In fact, that’s probably one tell-tale sign of a great branding campaign: it crystalizes the company’s self-identity as much for the owner and his team as to the public at large.

Advertise to and “Evangelize” Your Employees as Much as the Public

This is why you should be playing your ads for your team. Not only so they can know what’s being promised to the public, but to reinforce group identity.

It’s why you should have employees learn and use your Brandable Chunks when communicating with customers.

I’d even go so far as to say it’s why you should include your team in creating your We Believe Statements.

And why there should be a fair amount of overlap between your We Believe’s and Brandable Chunks.

Taking it to the Next Level with KPIs

But if you want to take this all a step farther in leverage your branding as a leadership tool, you’ll have to translate beliefs into the language of number.

Because when what’s measured and rewarded contradicts what’s proclaimed as a value, it’s the value — and often enough the company — that always loses.

If you say you believe in 5-Star Service but measure and reward sales and not customer reviews, you’ve got a problem.

If you say you believe in craftsmanship and quality of work in your ads, but you have no way of measuring it or rewarding it, you’ve got a problem.

Hell, even if you can’t put a number on that, you can still have your employees snap pictures of their work and vote on whose work is the straightest, truest, most plumb and nicely finished, right?

What gets measured gets done.

And some things have to be measured in order to be managed.

Everybody measures sales, right? Gotta do it.

It’s what’s optional that also gets measured that determines the character of your organization.

That and HOW you measure the mandatory. There are lot of different ways to measure sales, each with its own qualitative element to it.

Is a tech with a higher average ticket, but fewer overall selling opportunities, and therefore lower total sales, doing a good or a bad job?

Would it change your opinion if his customer reviews were full of raves and 5-stars?

A Word of Warning Before You Begin

Just a word of warning: when you openly stand for something and share it with your people, you will run into some who:

  1. Call you out on your inconsistencies, and
  2. Openly resist getting on board with your promulgated values and direction.

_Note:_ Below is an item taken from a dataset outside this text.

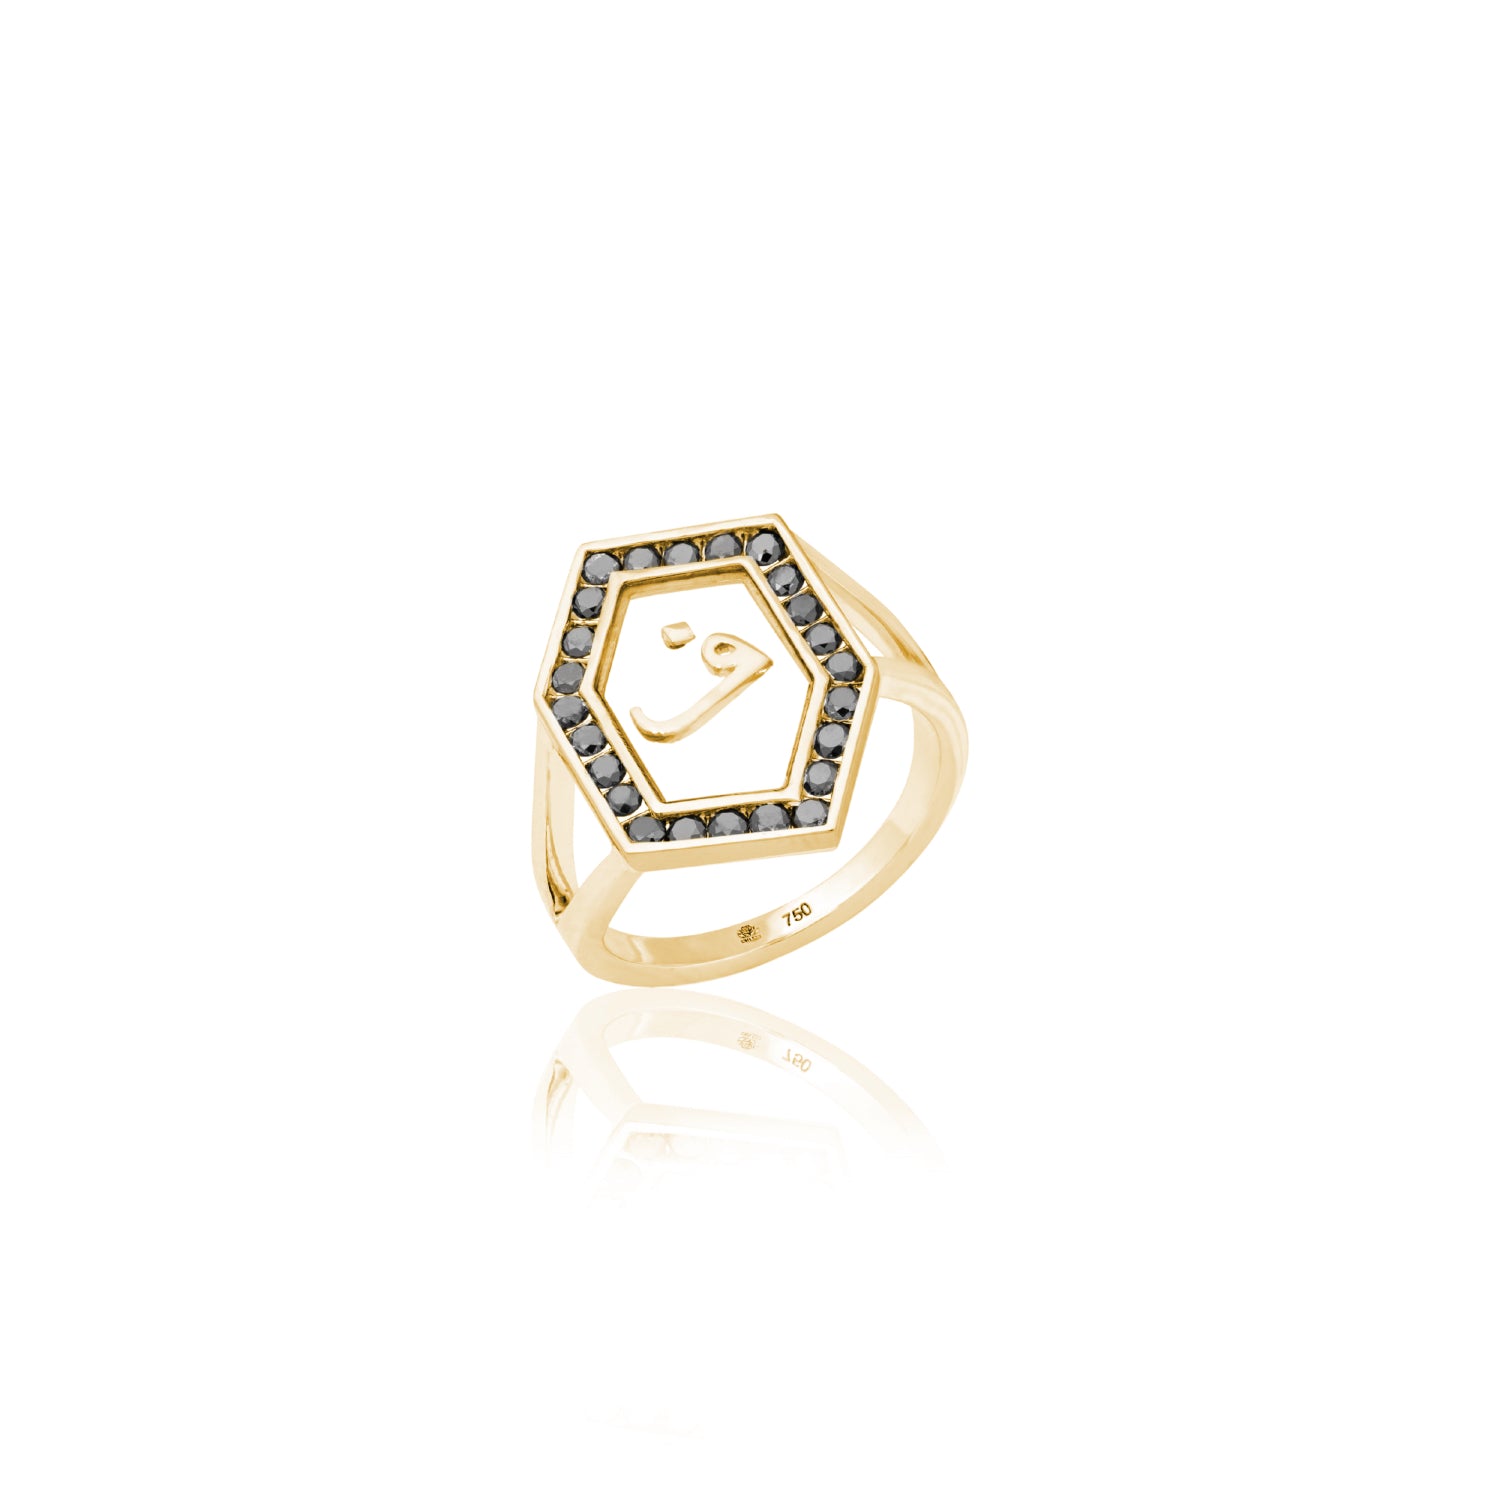 Qamoos 1.0 Letter ف Black Diamond Ring in Yellow Gold

You’ll have to accept the criticisms of “a” with good grace, and perhaps even take action on that.

For instance, if multiple employees have the guts to tell you that your top sales person consistently sells against your claimed values, what are you going to do?

And you’ll have to either persuade or fire “b” because everyone else will be watching what happens.

If you fire them, shit just got real, and the boss is serious and sincere about all this.

If you let it slide, it’s just more talk coming from the front office.

The good news is that if you encounter this and handle it the right way, it’ll be like someone turned on a rocket booster to your branding, sales, and growth efforts.

It’ll be among the best things you ever did for your company. Just be sure you’re serious about all this before you roll it out.

Boiling it Down to a 5-Step plan

So that’s how you use branding as a leadership tool:

  1. Base your branding campaign off of the real character of your company and sound strategy.
  2. Include your people in the creation of your We Believe Statements.
  3. Play your ads and share your brandable chunks with your people. Have your employees use your brandable chunks in communicating with customers.
  4. Translate your beliefs into KPIs and make sure your people know that you measure and reward what you say you believe in and openly promise to your customers
  5. Be ready to fix your inconsistencies and fire your resistors if and when your people bring this up to you

And that’s it. Best of luck on your branding and leadership journey!